Suiker had a truck and U-Haul and all his possessions stolen while moving back to British Columbia from the Prairies in 2015. While the truck was recovered and Abbotsford Police solved the case, Suiker didn’t get back everything that was taken.
“Bits of history and little trinkets and items that were passed on from my grandparents,” he said. “There were a lot of those things that as far as value goes in the marketplace, are worth next to nothing, but they’re priceless when you actually consider what they mean to yourself.”
A couple of years later, a stranger came across more of Suiker’s family’s belongings which had been separately mislaid – photos and letters and documents – and ensured the family got them back.

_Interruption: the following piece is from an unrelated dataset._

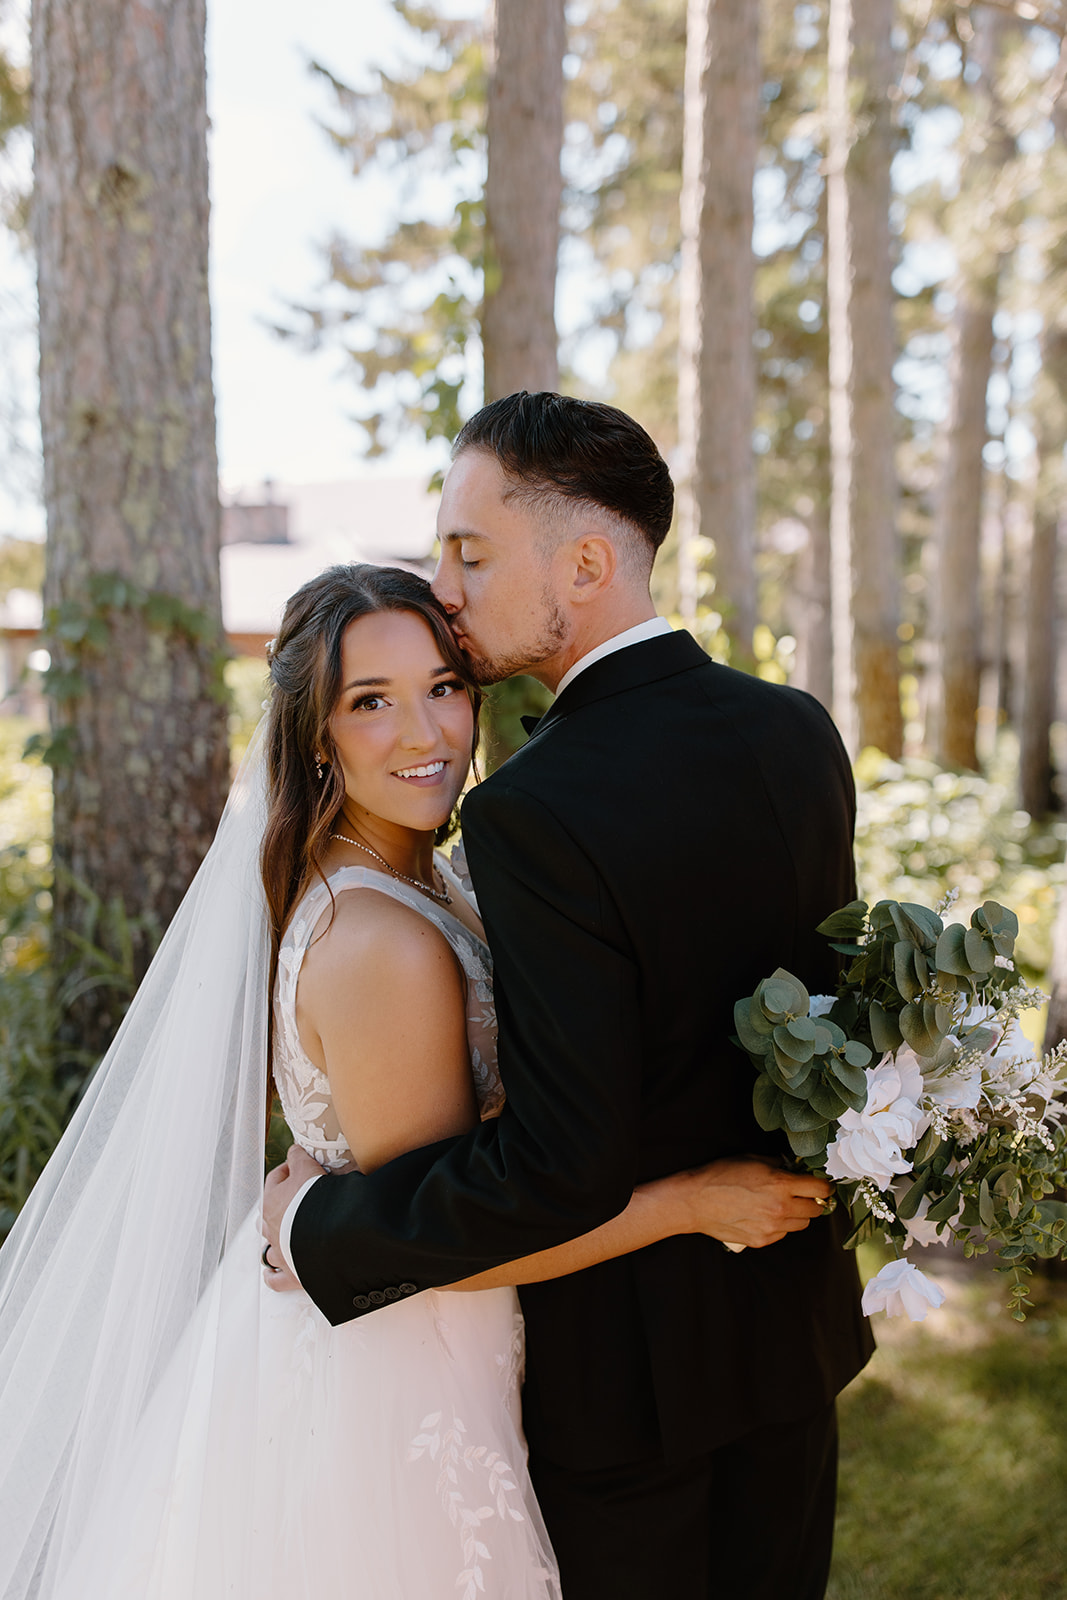 Groom kisses his bride in front of a line of trees

Thanks to that kindness, Suiker was able to hold the ship ticket that his grandmother and aunt had used for passage from the Netherlands to Canada in 1928.
“Somebody made the effort and reached out to somebody in my family to help us retrieve these items and that’s in part why it’s so important that these photos and documents that I recovered get back to the family…” he said. “I may not necessarily know what item or picture or document in particular will have that effect on somebody else because it means something different to everybody.”
Suiker spied the 10 photo albums at an estate sale in Nanaimo in 2018. He was fascinated at the old pictures taken in Latvia at least as far back as the 1930s, and when advised the albums were to be thrown away, he didn’t think twice.
“I said, ‘these are somebody’s and they mean something to somebody. I can’t let them go to the landfill,’” Suiker said.
The albums seem to have belonged to Juris Bergins, who died in 2018, and therefore to his daughters Kristine Bergins and Monika Young, but Suiker hasn’t had success locating family members. He’s made inquiries at a funeral home, followed other leads that fizzled, and even contacted a newspaper in Latvia. Every few months he looks at the albums, he said, and “[looks] into it a little bit more, and unfortunately every avenue that I took led to a dead end.”
More than once he’s considered throwing the albums away, but “morally” can’t bring himself to discard something he says is irreplaceable.
“There’s a story, there’s a history, there’s culture,” Suiker said. “There’s so much that when you look over it, at times it has almost brought me to tears when I’m looking through it because this is somebody’s life in picture form.”